You need to stop thinking of this as your friends abandoning you and being left behind. You also need to stop thinking that your friends should never have made decisions for their life which take them away from you. Now if two people were married and one said, you stay here since you have obligations here but I am going to move to another state to take that job offer. See ya.

That would be a situation of being abandoned and left behind and worse, of two people who are supposed to be a unit/coupe that makes all decisions together, taking all into account and making the best decision that both of them can abide by. Yes, there is such a situation. but thats a committed/married couple. Same for same sex couples but you didnt mention being lesbian and the others seem to have men in their lives, so what might apply to a married couple doesn't apply here to a best friend. My best friend moved to another state when she married. Once we were apart, it was hard at first, the first year maybe. But then changes came into my life, new job new relationship and before I knew it, married and having kids like my friend. Once apart, we lost contact for a while and then she found me on facebook. Since then, she'd visited a couple times and I realized that we learned, we grew and no longer had the same things in common any more, we both come from vastly different worlds now. As a result, we don't talk much anymore as there is nothing she believes and devotes her time and energy to that resemble mine. If you can't see that as being possible, heres a few of my examples, My religious beliefs now are vastly different than hers, political views different, our goals for retirement really different, different hobbies, in fact there is nothing that I am currently passionate about that she even gets, or things she is passionate about that I experiences so long ago it like going back to grade school to talk about. Obviously, we didn't both change and grow in all areas at the same rate or even about the same things. We keep in touch but its nothing like our childhood and teen years together. I can treasure that memory but thats about it. I have different friends now, people who are much closer to the same point I am at in life so we can relate together much better.

Don't be jealous that they seem to be moving on in life. You might not be making a move away from where you live, but you are doing the level headed thing, something that an adult has to do, focus on and finish school. And it is a choice to not get into a relationship now as well. All this is no less important than what they are doing.

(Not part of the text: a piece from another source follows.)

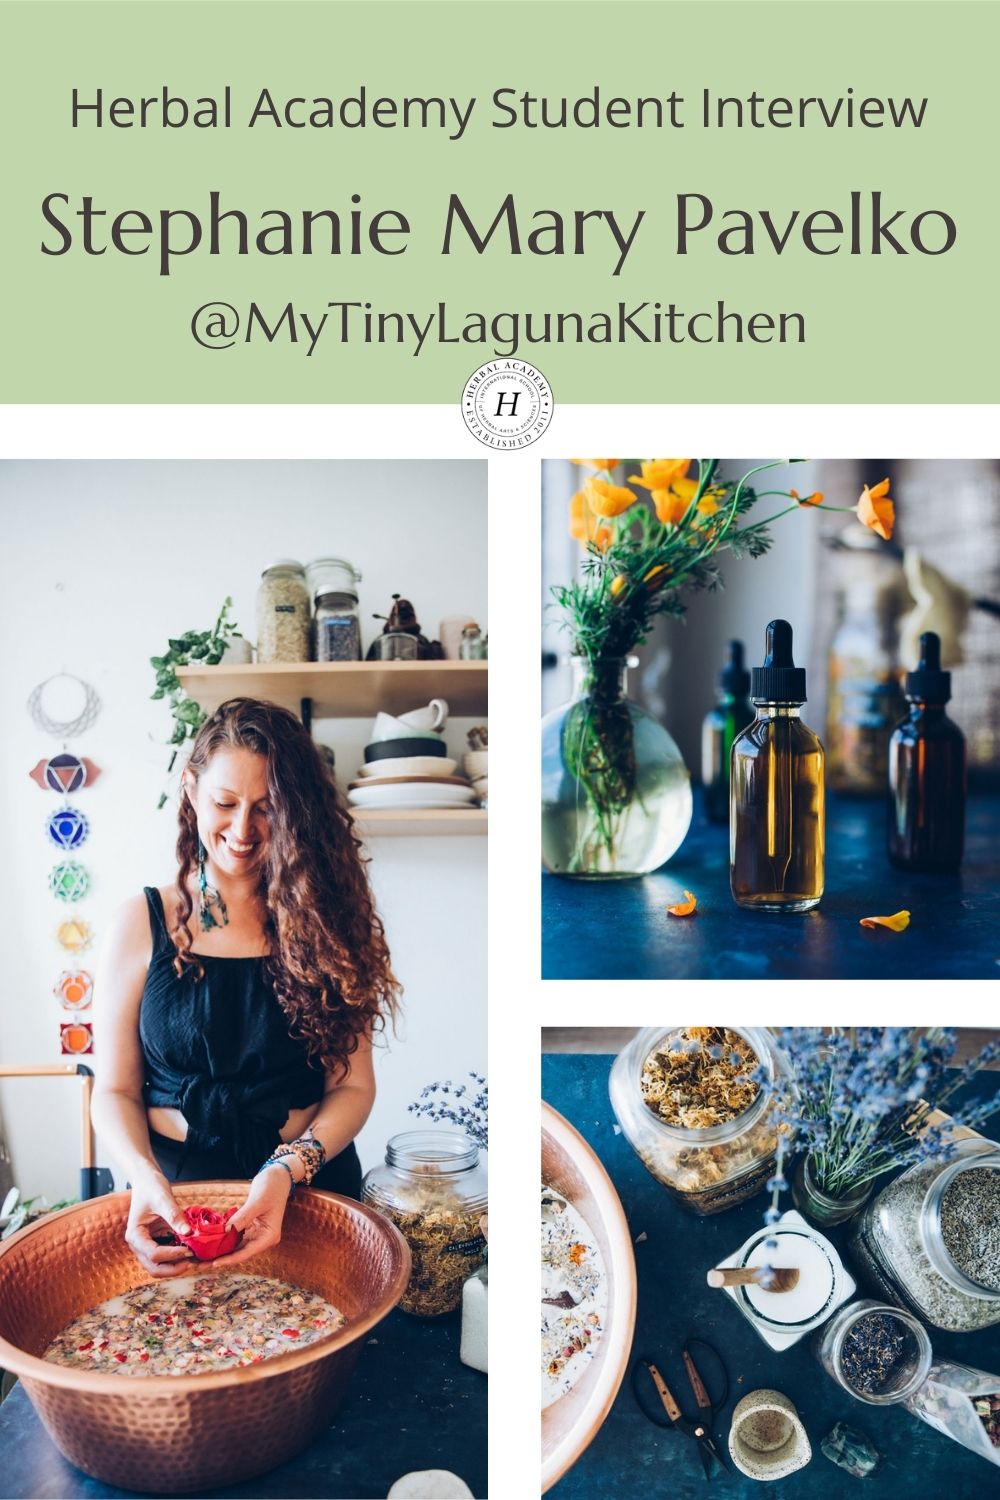 Student Feature: Stephanie Mary Pavelko (@MyTinyLagunaKitchen) | Herbal Academy | In the third installment of our Student Feature Series, we chatted with herbal blogger and photographer Stephanie Mary Pavelko.

Once you change your line of thinking to this being part of change that is inevitable in life, friends moving away, then your emotions will follow suit and calm down.

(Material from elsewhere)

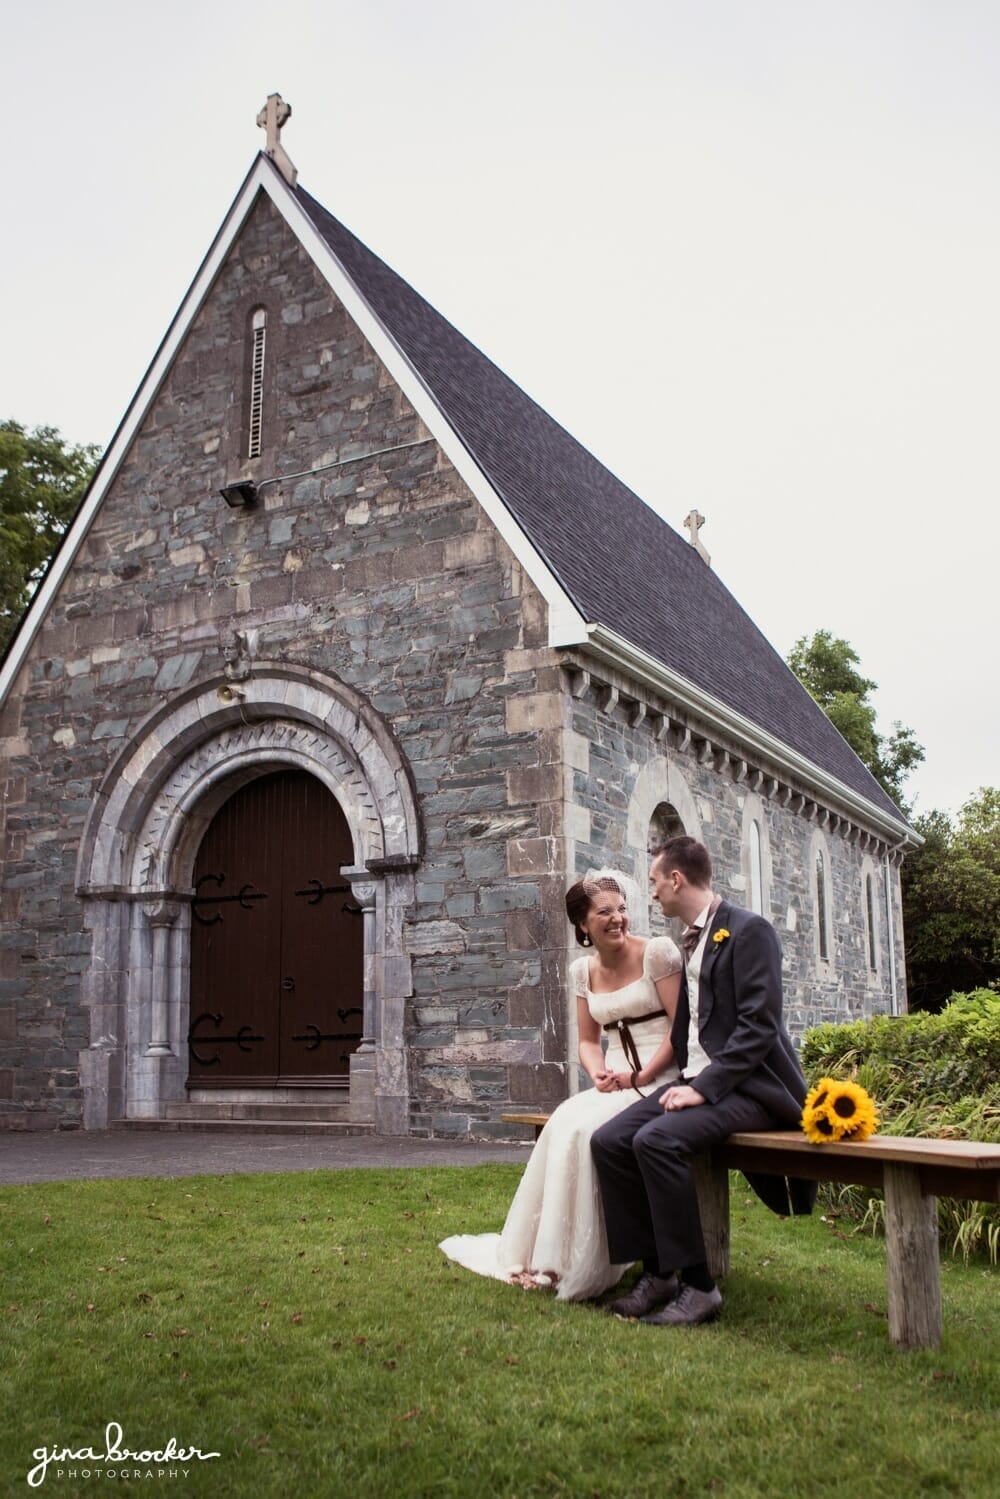 Sweet Bride and Groom Portraits Outside Church

If you met a guy tomorrow who is also focusing on school but says he wants to invest time in a relationship with you once you both are done with school and moving you with him back to his state where his friends and family are and his family is well to do, and you both are in love. If your two friends were still in town hanging around only to be with you and not moving on with their lives....would you say no to your special guy and move to another state and stay in town to live your life married (so to speak) to your two best friends, none of you ever marrying a guy, or having kids, could you be happy with that? Or would you choose to move on to your new life because you're in love, school is behind you, there'll be a place to live with family til you get jobs and place of your own in his home state? Would you worry about your friends hating you for choosing to move on with your life and follow what seems right, even though you may be leaving your friends, own parents and siblings behind to follow your husband or husband to be? Would you think it even fair of them to want you to stay and break up with your love, just to be with them in the same place for the rest of your life? \
I know, extremely blunt but picturing roles switched and in the other persons shoes, can also help you gain perspective to see that this is a part of life. LIfe is all about change.